I'm a beginner, and I was wondering if you could give me a quick thought about this conversation I had.

First, intro: the girl is from a foreign country where relationships are big deals, sex before marriage is a huge no-no, and she is very religious (christian) so absolutely no sex.

I'm 100% ok with all of this, because I like her as a person more than I want to sleep with her and I myself am also a bit religious (not anti-sex tho), so at this point I'm more interested in just dating her and getting to know her than getting her into bed, because I know there is no way she could do it and not feel terrible about herself.

That said, I met her approx. a month ago. We have a class together in college. I felt a instant strong attraction with and from her, we got along great, and talked for about an hour and a half when we first met. Since then, we've become regular friends but have not really seen each other that often. We went to see a show she had to see for a class, and I've made it clear through body language that I want her. We have a few things we do throughout the week every once in a while (class, bible study, and organization meeting), and it's 100% clear to me that she likes me from how she's acted and what she's said (take my word for it, I'm not an idiot ;) ). She comes to me after class to walk back to our apartments on campus, she's come on walks with me when I suggested them, etc. She invests in me. But she is also extremely busy, just like I am.


So anyway, I asked her out to more romantic things like getting a yogurt with me and going for a walk in the evening (sunset... :) ) by the nearby lake. I know she'd love to and it's something she enjoys, but unfortunately she has been busy almost every time. So basically, despite her not "having the time" to go on a romantic date with me, I was getting all the right signals in how she treated me in person, so tonight after talking and doing a christian "get to know each other better" thing, I asked her if she was against dating because of religious reasons. After all, maybe it's the cultural thing that hasn't made my intentions clear enough. She said she wasn't dating right now because she was so busy, but she dated once and it was a really really bad experience. This is more or less what the convo went like (not exactly, I'm bad at remembering convos exactly):

Me: So let me ask you, are you religiously against dating?
Her: No... no I date, but not right now because I am so busy... I dated once and it was a really bad experience, the guy was a bad guy... (smiling, enthusiastic, not dreading...)
Me: I'm asking because I like spending time with you, and I'd like to take you out sometime.
Her: -Something about just not dating because she's busy and she had a bad experience- (but still very friendly and maybe slightly surprised)
Me: I understand you're busy, I'm really busy too, but I enjoy spending time with you, and I know you like me. It's just a date. It's not a big deal, and you would have fun.
Me: I want what I want, I want to take you out sometime. There's time, let me know...
Her: Ok... thank you (friendly and sweet)
Me: See ya... (I walk, trying to seem confident and sure of myself, we both have somewhere to be, anyway)

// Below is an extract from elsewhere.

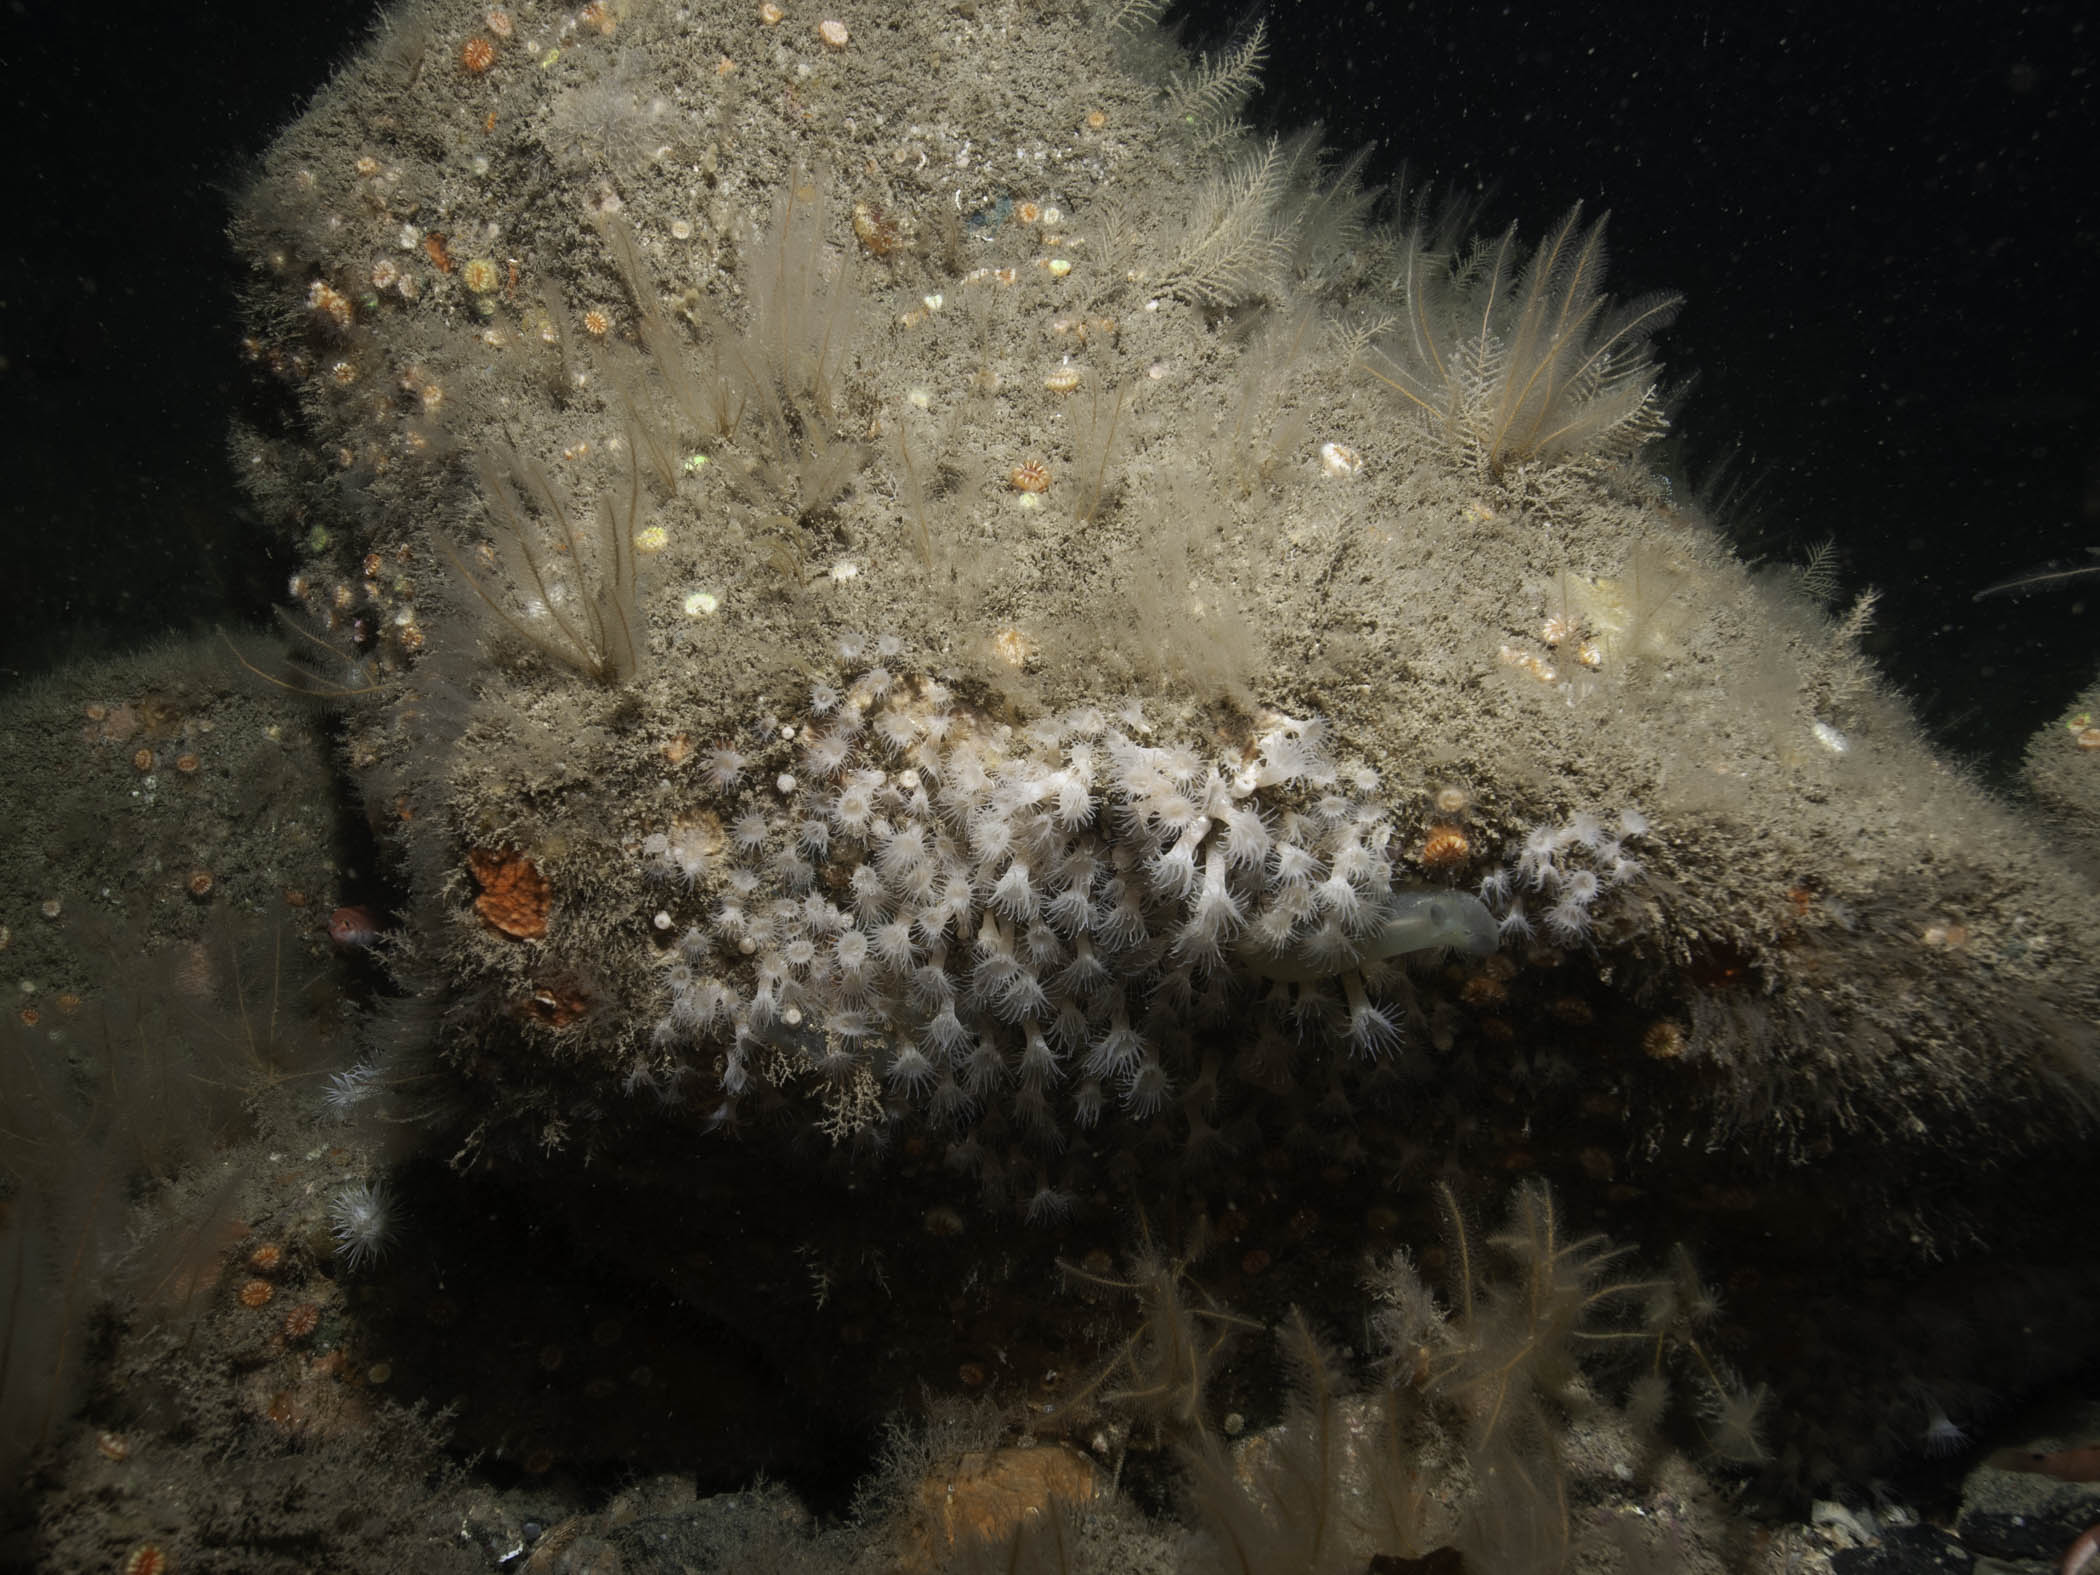 image: Parazoanthus anguicomus. Rathlin Island, 2008.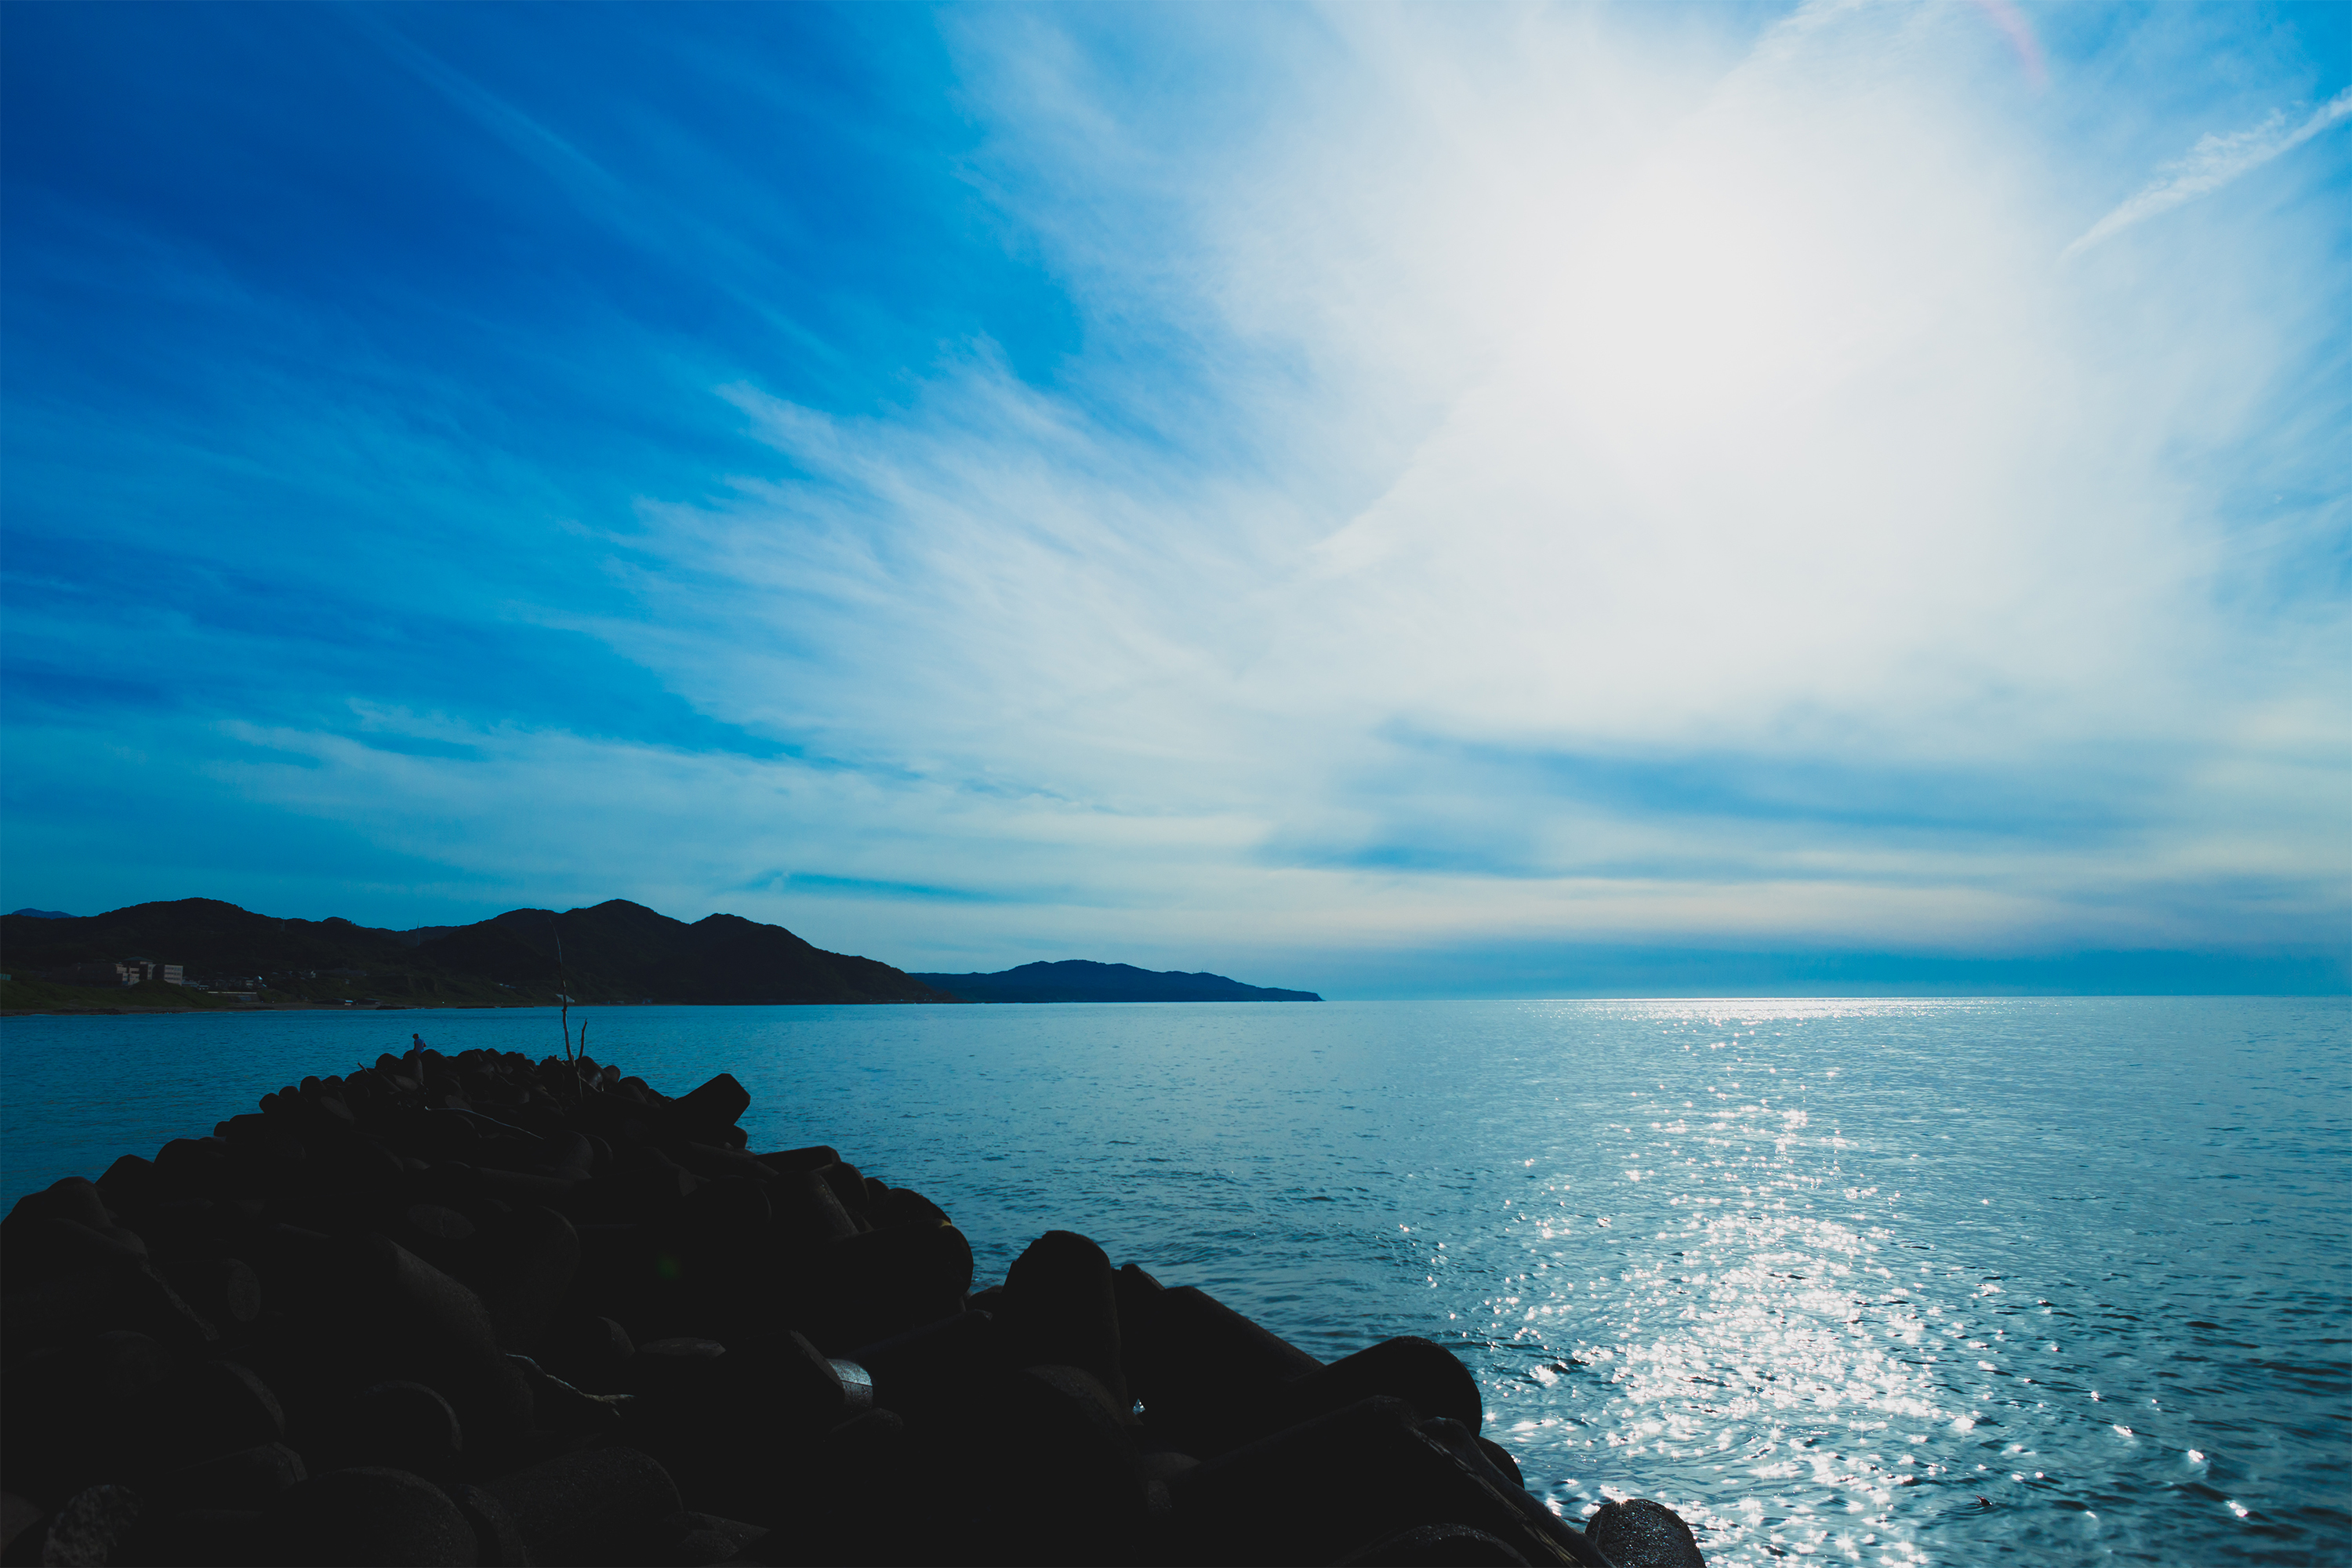 太陽光が海面にキラキラ反射している風景 無料の高画質フリー写真素材 イメージズラボ

So what do you think? This transpired a few hours ago, and it's night now, but I was thinking at this point to do the following things to encourage her to get over her bad experience and go out on a date with me:

1. Not see her again until Tuesday
2. When I do see her, continue being her friend (making her laugh, you know, teasing, being friends...)
3. Keep up the tension (that's already there) with eye contact, teasing, etc.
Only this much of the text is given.